You're grossly overestimating the cost of managing infra for a small to mid startup. You can serve A LOT of customers with very little tech. Especially if your code is not a pile of crap which waste tons of resources for no reason.


Does cloud save on time?


Depending on how you handle it.

Sometimes it does outright, see Heroku, or AWS Lambda.

Sometimes you try to bite more than you feel comfortable to chew, and get bogged down configuring kubernetes or terraform when you don't need as much.

In the simplest case, I think, the cloud is also an inevitability. Can you imagine starting up by buying some used servers, colocating them in some datacenter, calling an operator when they need tweaking a BIOS setting, scheduling a visit and downtime when you need to replace a failing NIC, or a degrading HDD? This is what life without the cloud used to look like. Yes, a EC2 instance is cloud.

Of course you can try a middle ground, dedicated hardware managed by a provider, e.g. what Hetzner offers. If your load is very stable and predictable, your stack is very simple and mature (an RDBMS + Apache + PHP, ore maybe Erlang / Elixir), and you are ready to either keep a hot spare or sustain rare but prolonged downtimes, you'd be fine with a small amount of dedicated hardware.

A large amount of dedicated hardware may be economical, but only at quite large scale (see, well, Facebook).


You are underestimating the reliability of modern servers by a lot (otherwise your EC2 instances or random VPS would randomly reboot way more often than they do since if the server crashes the VM is still gone).

Also failed PSUs or hard drives don't require downtime, since those are hot-swappable and redundant in servers. If you want to optimize for (physical) hands-off operation you can even add an extra 1-2 hard drives that are configured as hot spare that the RAID (be it hardware, software or ZFS) will automatically use in case one of the active ones fails.

And the performance difference between dedicated hardware (be it dedicated server or your own) can be quite staggering compared to what you actually get from the cloud providers.


No, and it is way more expensive. But it is fashionable :)


It's not fashionable, and it adds real value, but it's definitely costly because you have to spend on operations. I'm working on a solution to gives you an experience like Heroku on AWS without breaking the bank.


I love Hetzner. Why not use their cloud offering? You can also combine that with dedicated servers if you need a lot of computation power. We use 4 VMs + on AX161 in the same network for Pirsch [0] and it just works.

Spinning up a new VM takes a few seconds, just like on Azure, and ordering a dedicated server is only a click away if you really need it. So you get the best of both worlds.

I don't believe that you can be "too small" to save on infastructure. Hosting our setup on Google Cloud would probably cost 10x what we currently pay for, maybe more considering that our largest server has 32 physical cores...
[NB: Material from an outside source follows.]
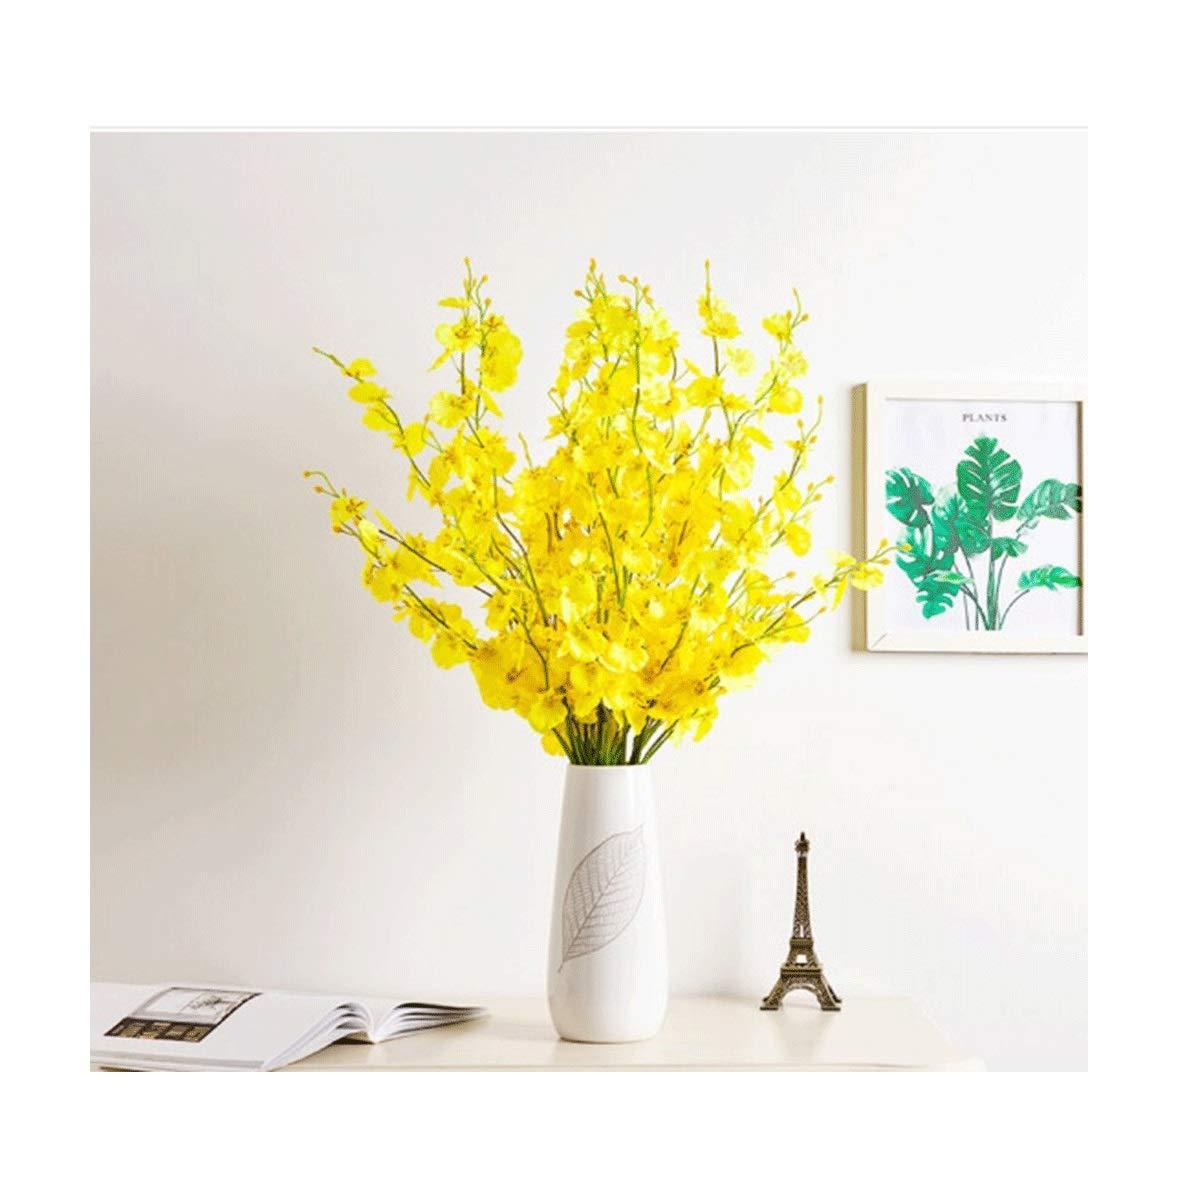 人工花セット(花瓶付き)、偽の花の花セット、家庭用リビングルーム/ポーチ/テレビキャビネット/レストラン/テーブルデコレーション、10花+花瓶に使用できます。 (Color : 10 flowers+vase) B07SMT3KYH 10 flowers+vase

[0] Blog article about our setup: https://pirsch.io/blog/techstack/


I'm using Hetzner cloud right now and it's affordable and quality is good. You can do snapshots and have monitoring, etc.
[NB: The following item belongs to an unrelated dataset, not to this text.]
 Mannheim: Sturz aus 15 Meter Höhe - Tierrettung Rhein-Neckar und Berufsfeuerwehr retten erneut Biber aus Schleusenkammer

If you're just running plain Linux VM's running some software without need for additional AWS-like services or fancy orchestration, it's good value for money.

I also have a couple of dedicated Hetzner hosts - also remarkably stable, but it will of course take longer to rebuild if it goes down. You should have a continuity plan in place.


Yep, we'll add another database instance in the future. But 250€/month for the AX161 is something we first have to justify...


Btw - your website looks really slick. I could easily understand the product by just casually browsing. And the site is fast too.


Thanks! It's always nice to hear positive feedback :)


fyi, both inline code snippets and full code blocks appear as as solid white blocks to me in light mode.


Oh, thanks for letting me know, we'll look into it!


At that scale the absolute cost difference is pretty small, right?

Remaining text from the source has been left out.